Monday, November 5, 2012

MFA Flashback: Visiting Writers

J.T. Dutton and Me, 2010, Photo by UAF staff photographer
One of the best experiences during my time as an MFA student was the visiting writer series that my department sponsored. Even though we were in Alaska, my program brought amazingly talented and accomplished writers up to visit.

The visiting writer would give a lecture on Thursday afternoons about their craft interests and areas of expertise. These lectures were open only to MFA students and English faculty, so they were cozy affairs where you really got to  know the writer and ask questions. And the writer had time to respond to those questions slowly and with care. It was almost like taking a seminar class with the visiting writer.

On Friday evenings the writers gave a public reading open to the entire campus and community, followed by a book signing where the local bookstore provided copies for sale.

But there's another element of the visiting writer that takes place earlier in the week, around Wednesday or Thursday.

Second and Third year MFA students have the opportunity to participate in a one on one manuscript discussion with a visiting writer.
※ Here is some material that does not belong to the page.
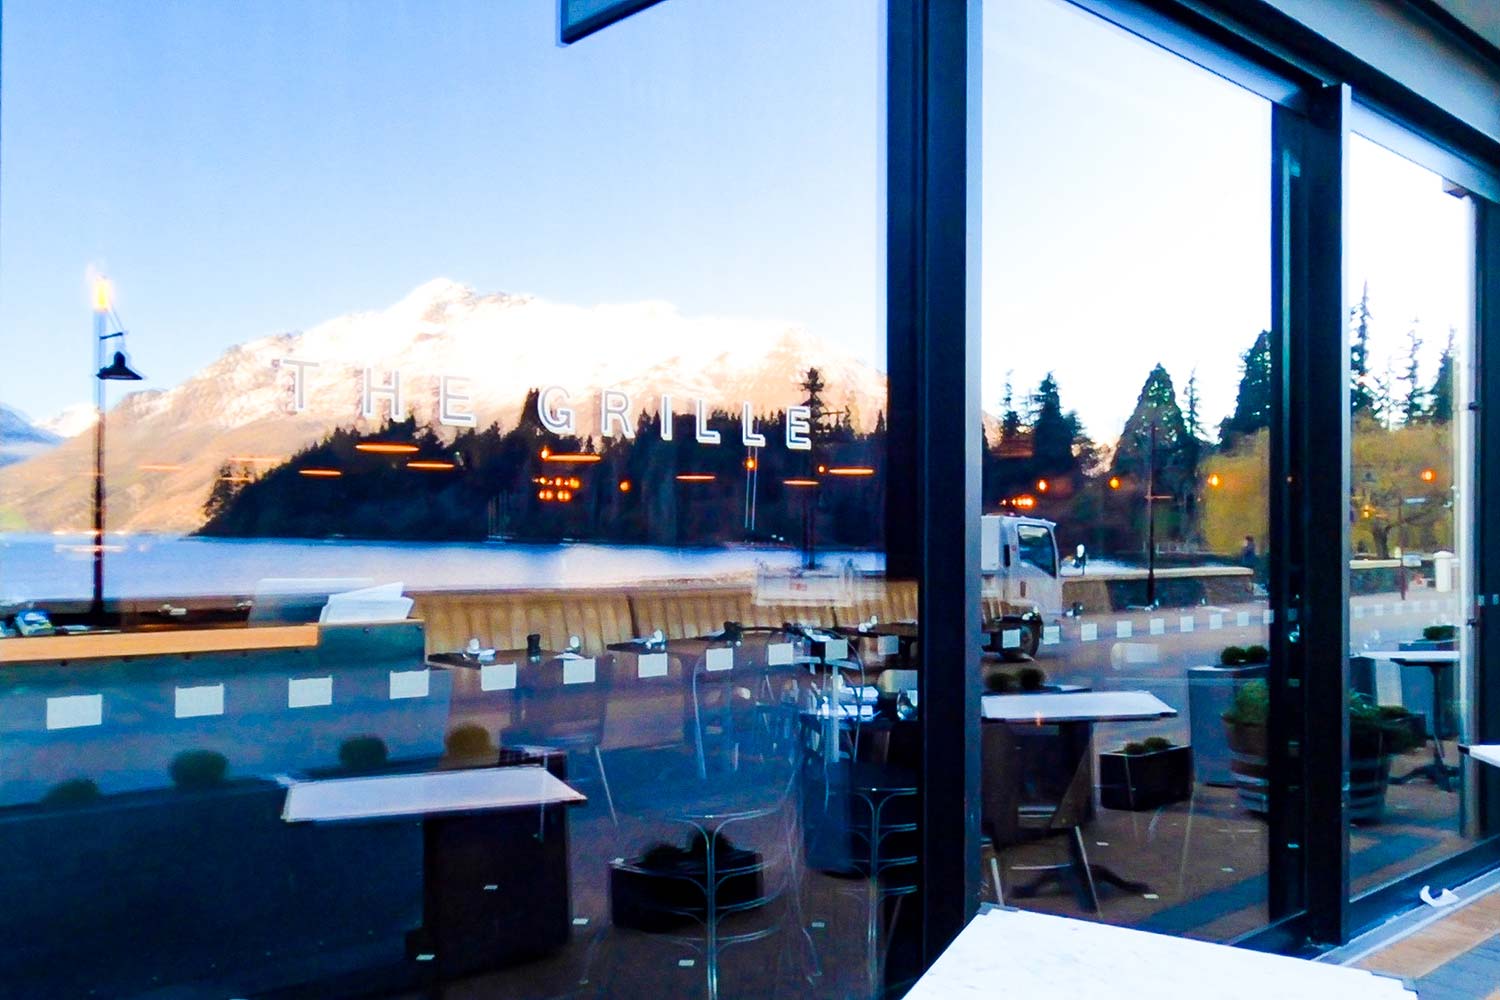 A reflection of snow capped mountains in a restaurant front glass window

The visiting writer only meets with a few students (there isn't much time for more), and there are usually around six visiting writers each year. So meeting with a visiting writer is a once in an MFA experience for most of the grad students in my program.

My thesis advisor asked me if I'd like to meet with YA author J.T. Dutton, and I was ecstatic at the chance. I emailed her around twenty pages of the novella I'd been working on, and wrote the date for our appointment in my calendar.

I was terrified of meeting Dutton. I was afraid she'd throw my manuscript in my face and tell me I was a horrible writer and that I shouldn't have wasted her time with my silly story.

Instead, she gave me one of the best critique sessions I've ever received. She went over some language and pacing edits with me that snapped the opening of my story to life. It was amazing to watch my story wake up from my lumbering prose just by a few scratch marks through extra words, a few arrows to rearrange sentences in the paragraphs.

Next we moved onto larger discussions about story, and about writing YA. It was the first time I had met someone who wrote YA fiction. So many of my favorite books are considered YA, but for some reason I had never entertained the idea of writing YA as something that MFA graduates did. But J.T. Dutton's novel Freaked was based on her MFA thesis at UAF. I think I had a prejudice that YA fiction couldn't be serious, and that only serious writing mattered.

At the reading on Friday night, J.T. read a passage from the end of her novel, and it is a reading that both my partner and I remember to this day as being an amazing experience. It was a beautiful passage about being at a Grateful Dead concert and the feeling of being in the crowd.

Freaked and Stranded by J.T. Dutton

J.T. told me something important during my one-on-one critique session. "This is a novel," she told me. "A YA novel."

That story is still with me, and I haven't written it into a novel just yet. But I know that I can, and that it can be as sad and serious as I want and still be a beautiful YA novel. And it can also be funny and geeky and talk about Star Trek, and those aspects might even make it a much better story.